## [WHAT YOU HAVE TO DO]
Pictures within the data are to be left out; everything else must be reproduced exactly.

## [GIVEN INFORMATION]
= = =

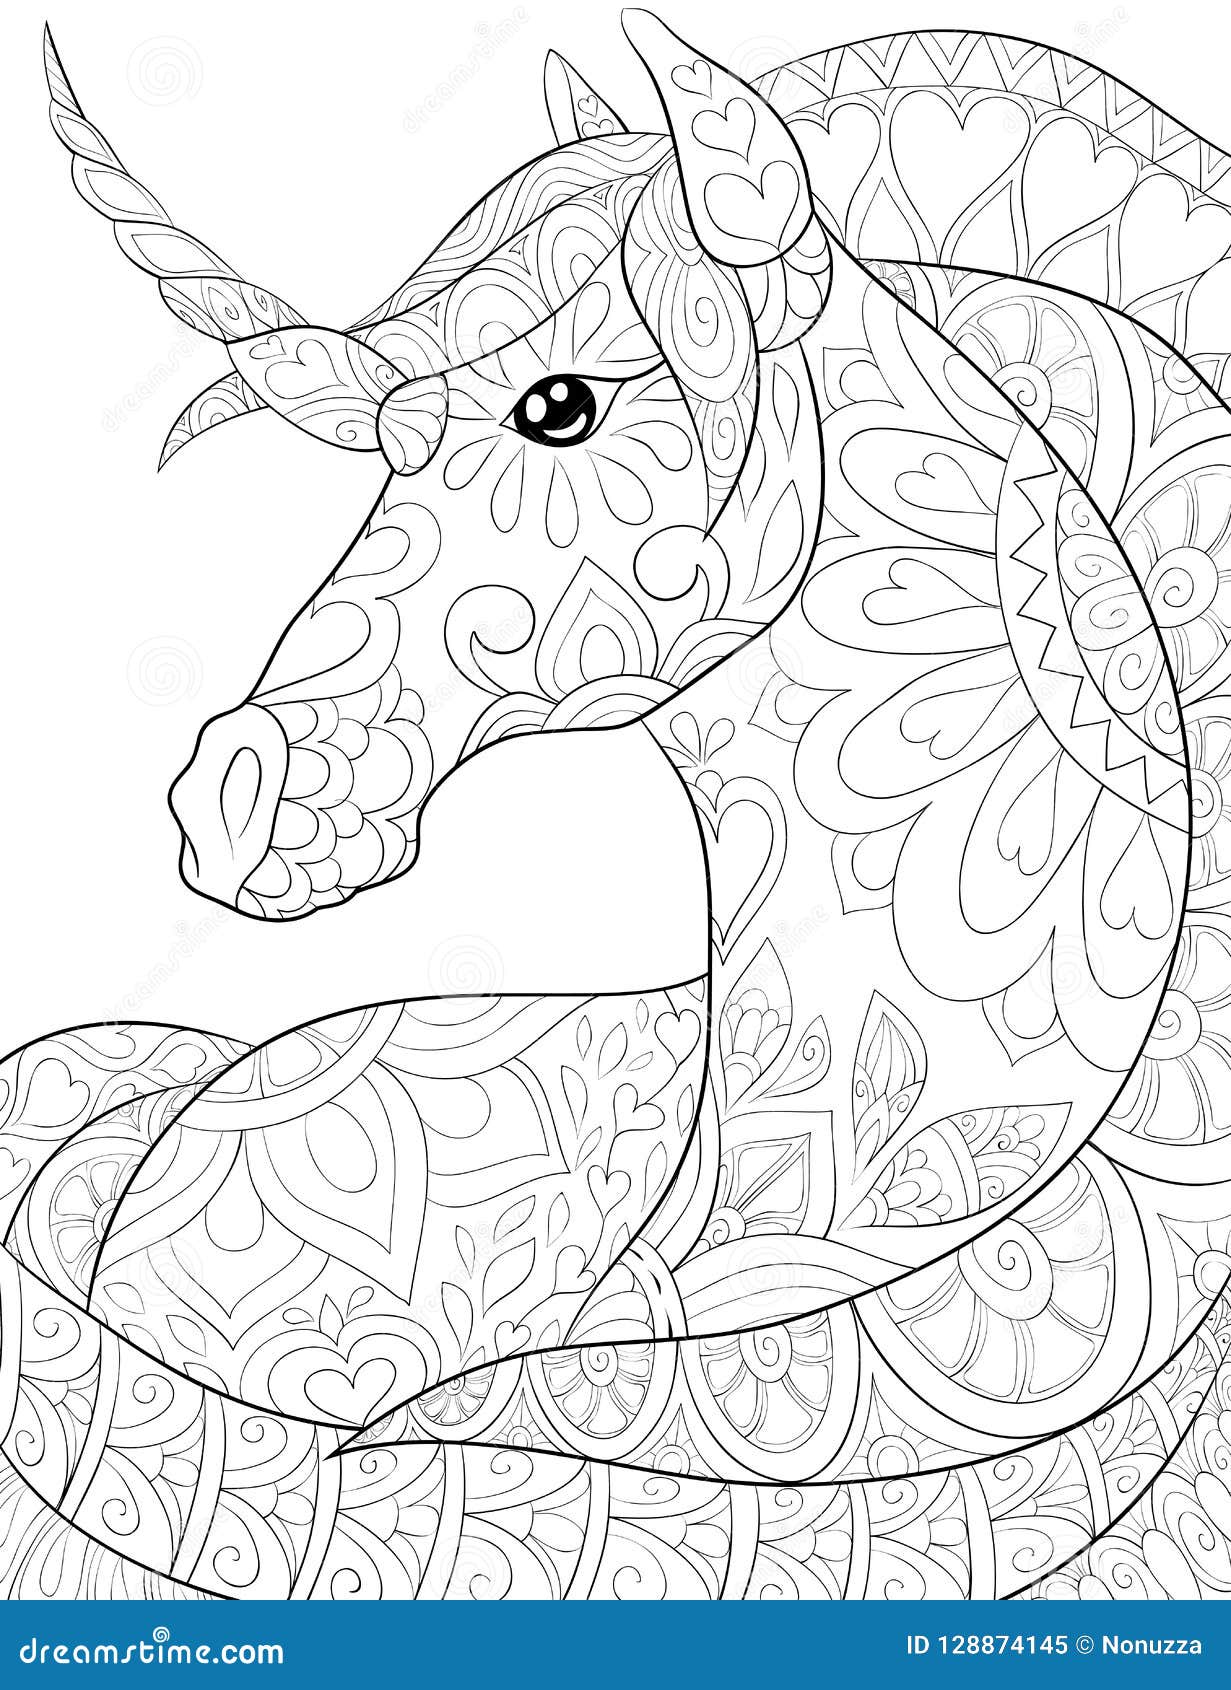 Adult coloring bookpage a cute unicorn image for relaxingzen art style illustration stock vector
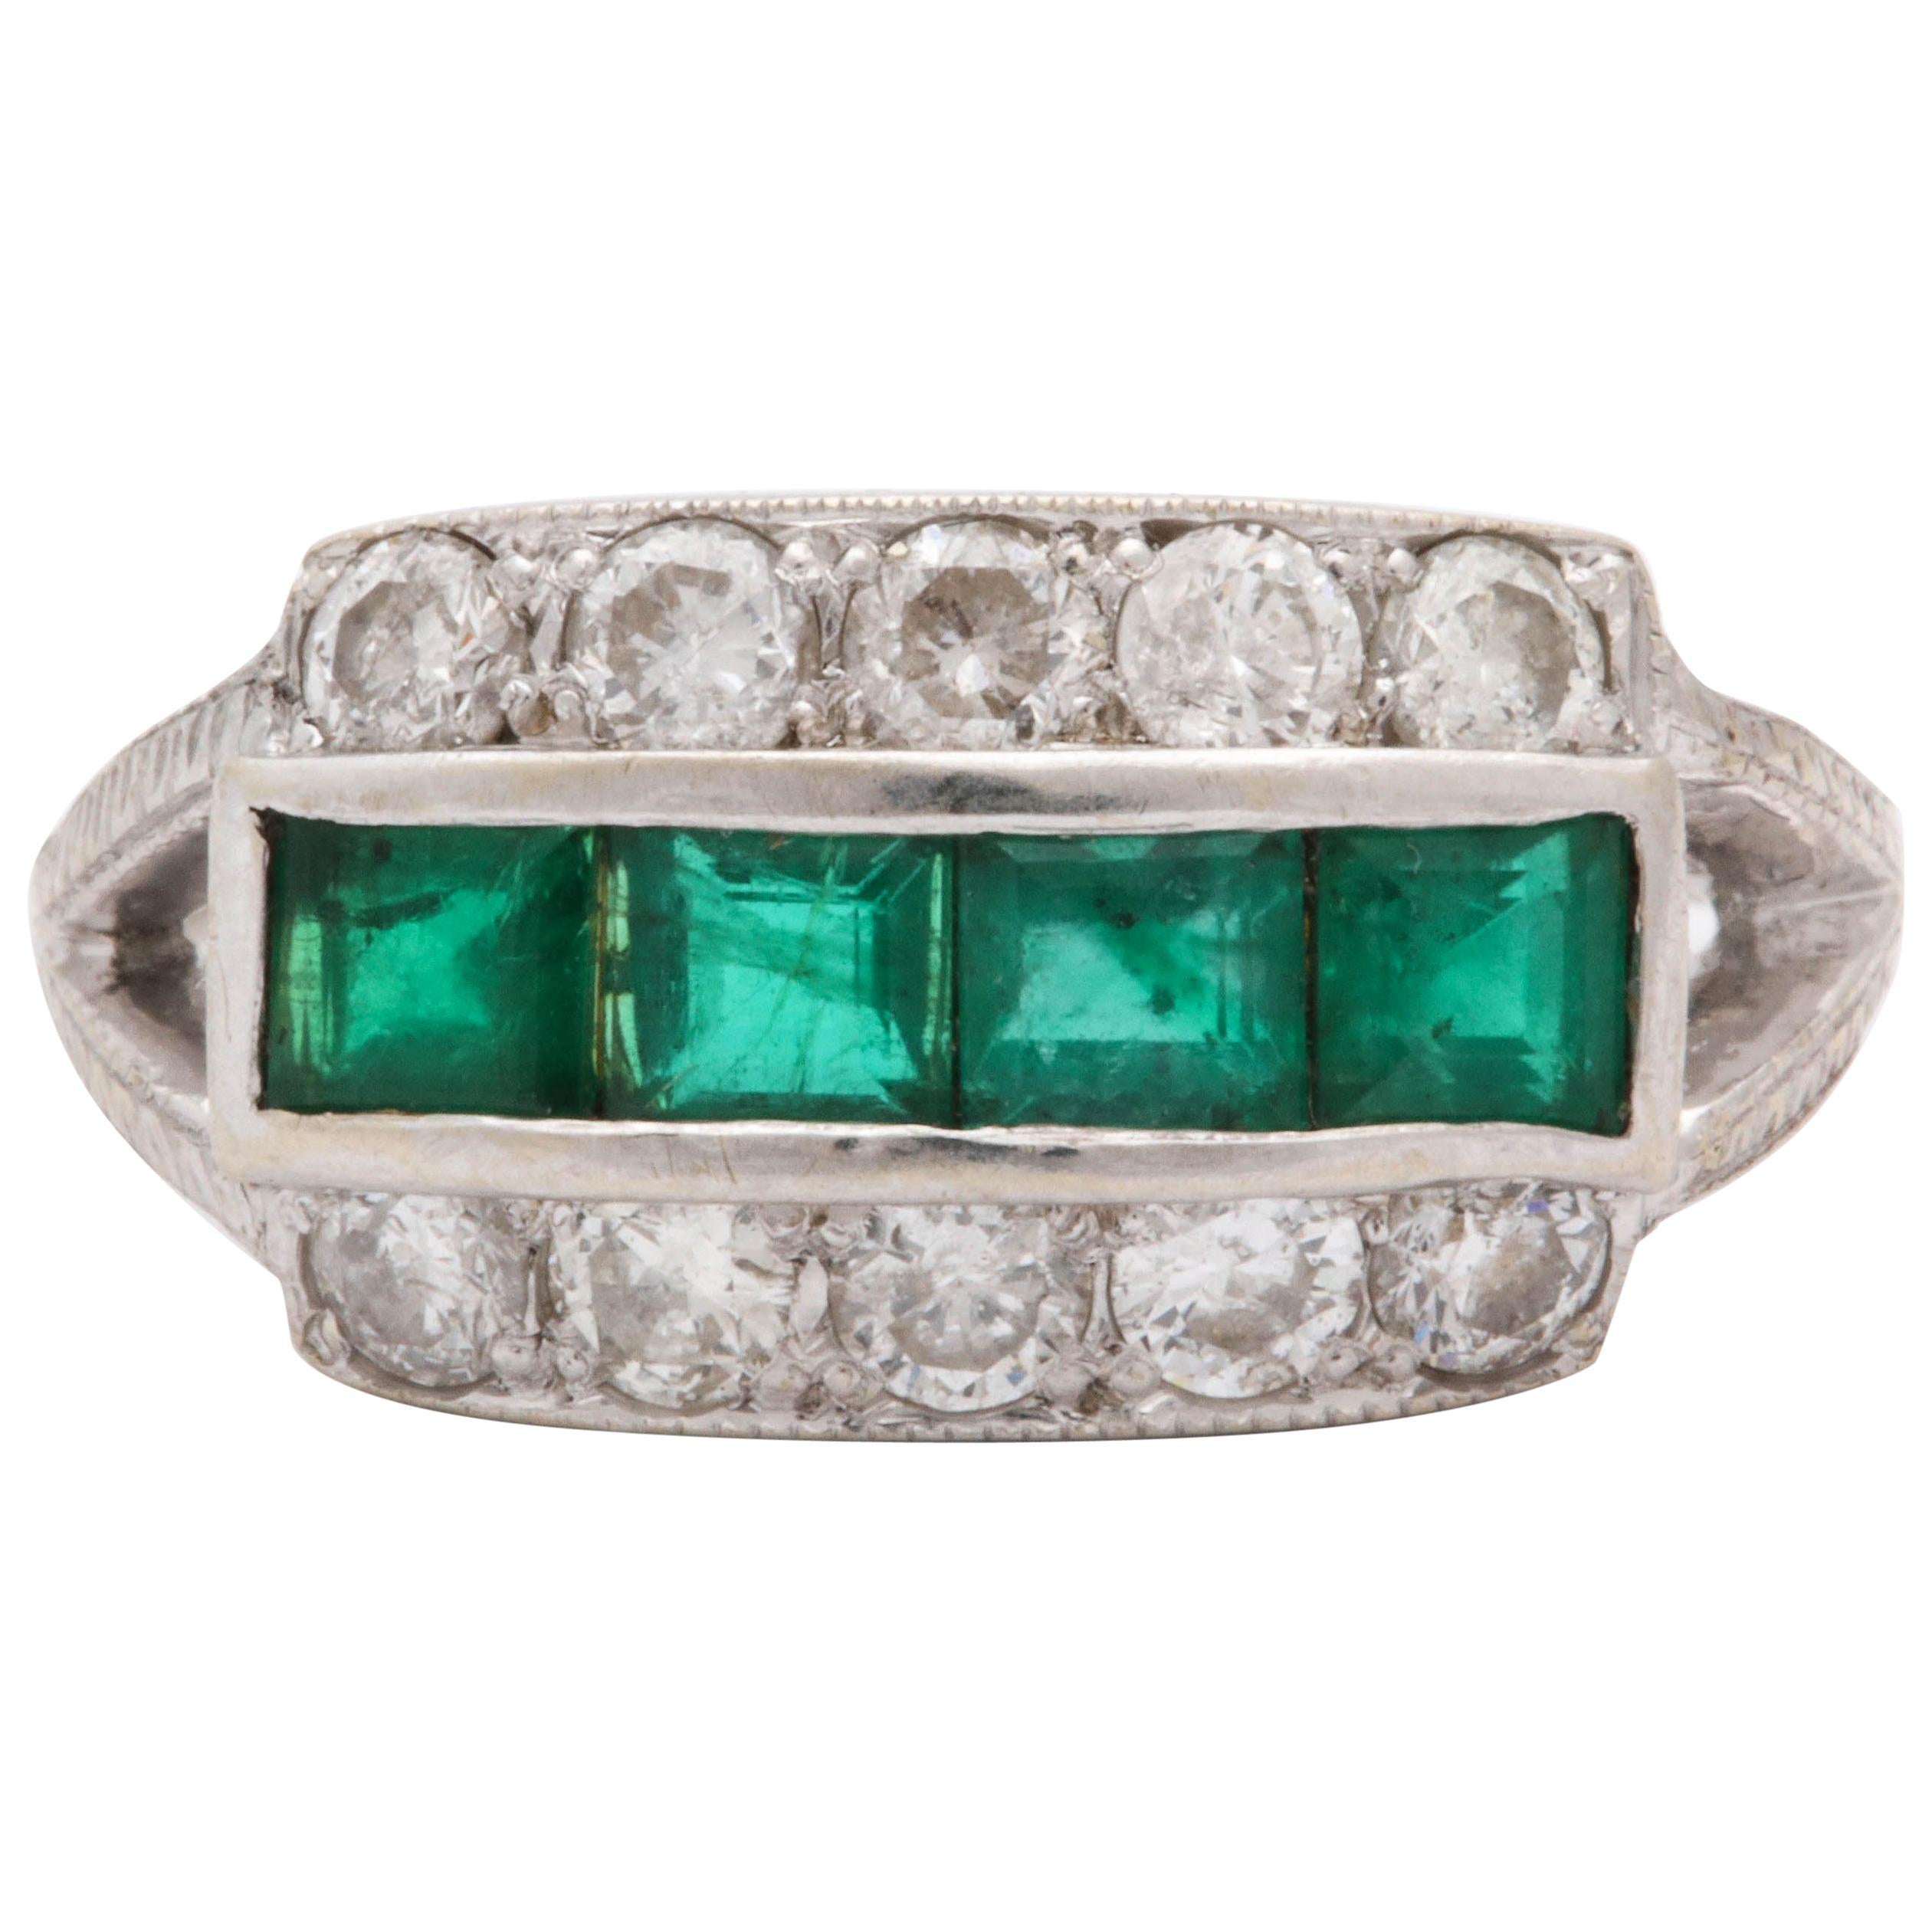 1930s Emerald Cut Emeralds with Diamonds Band Style White Gold Ring
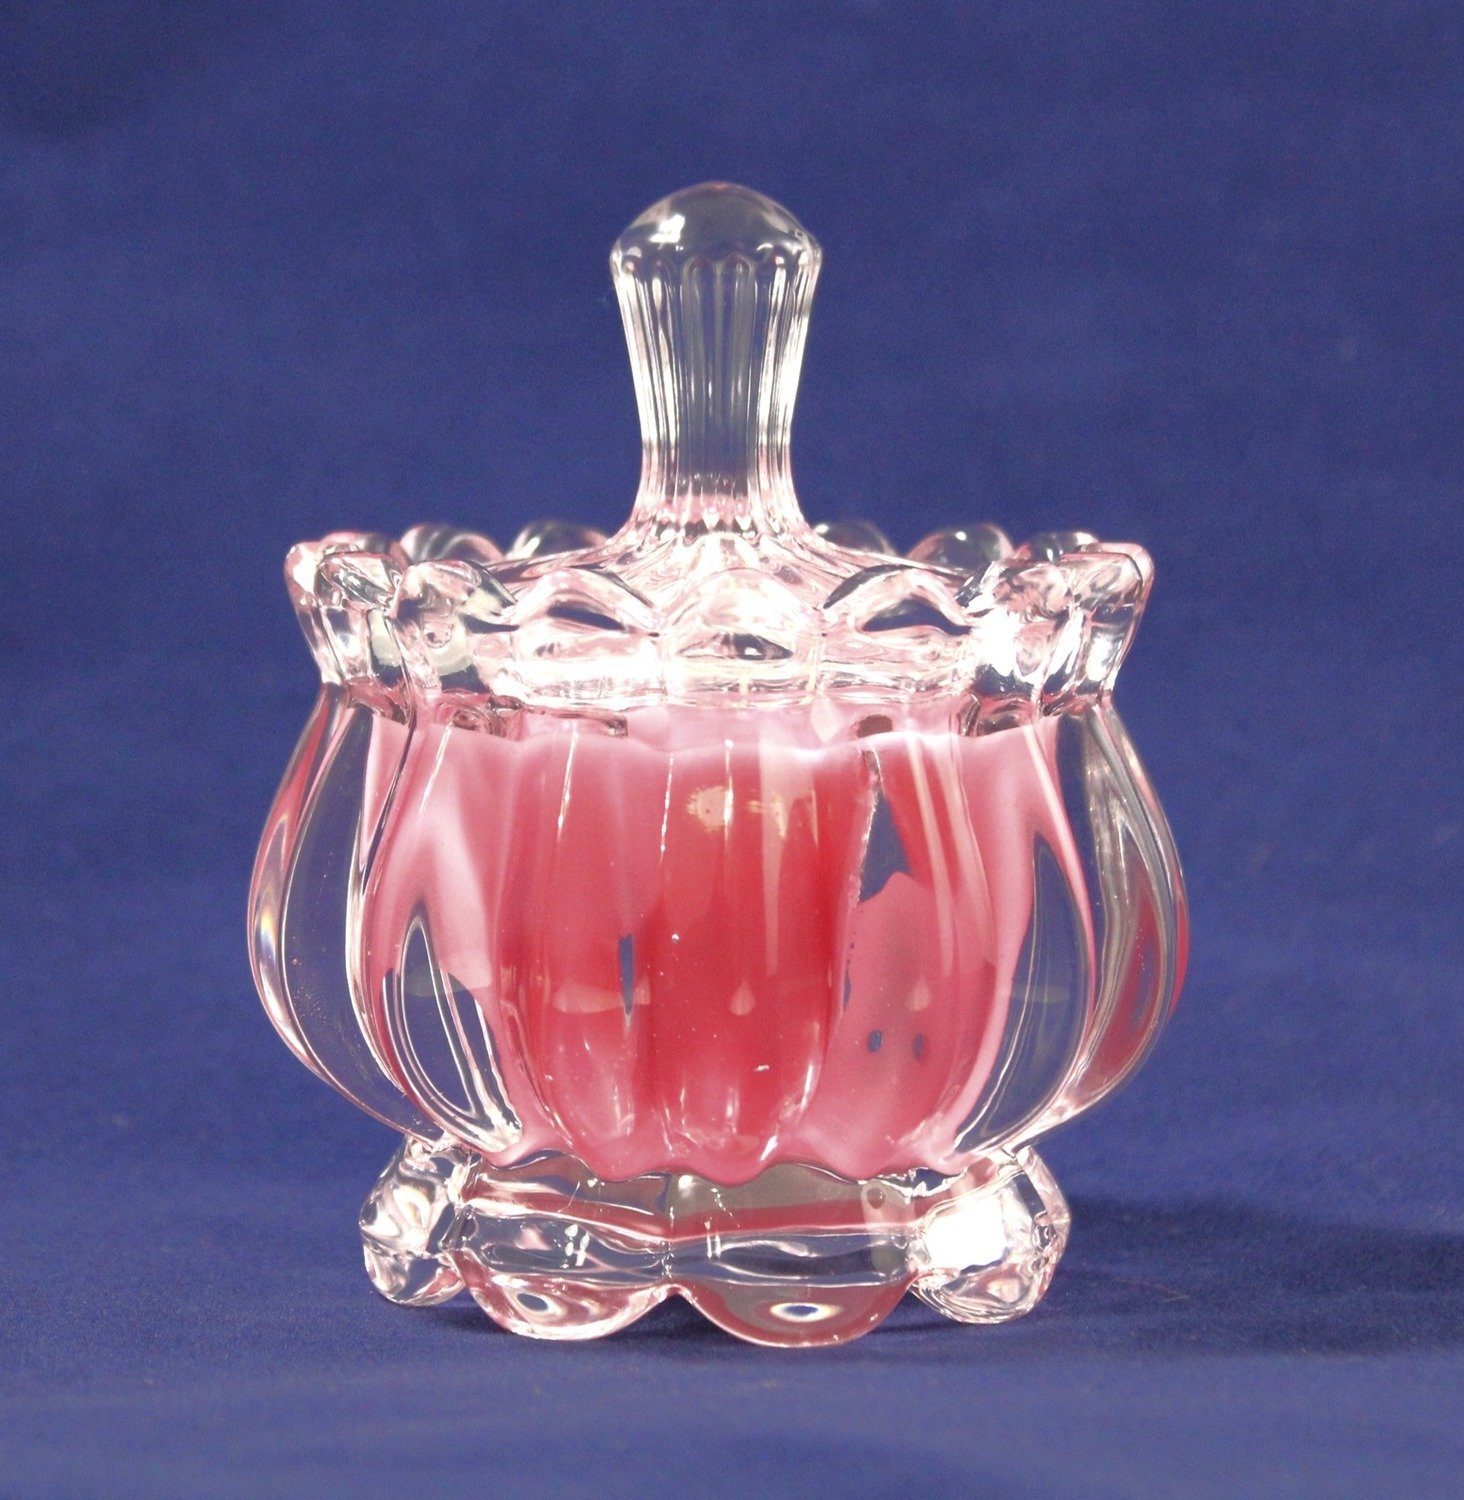 Sweet Diamond Passion Scented Wax Candle In Elegant Glassware

= = =

## [ANSWER SECTION]
 Adult coloring bookpage a cute unicorn image for relaxingzen art style illustration stock vector
 1930s Emerald Cut Emeralds with Diamonds Band Style White Gold Ring
 Sweet Diamond Passion Scented Wax Candle In Elegant Glassware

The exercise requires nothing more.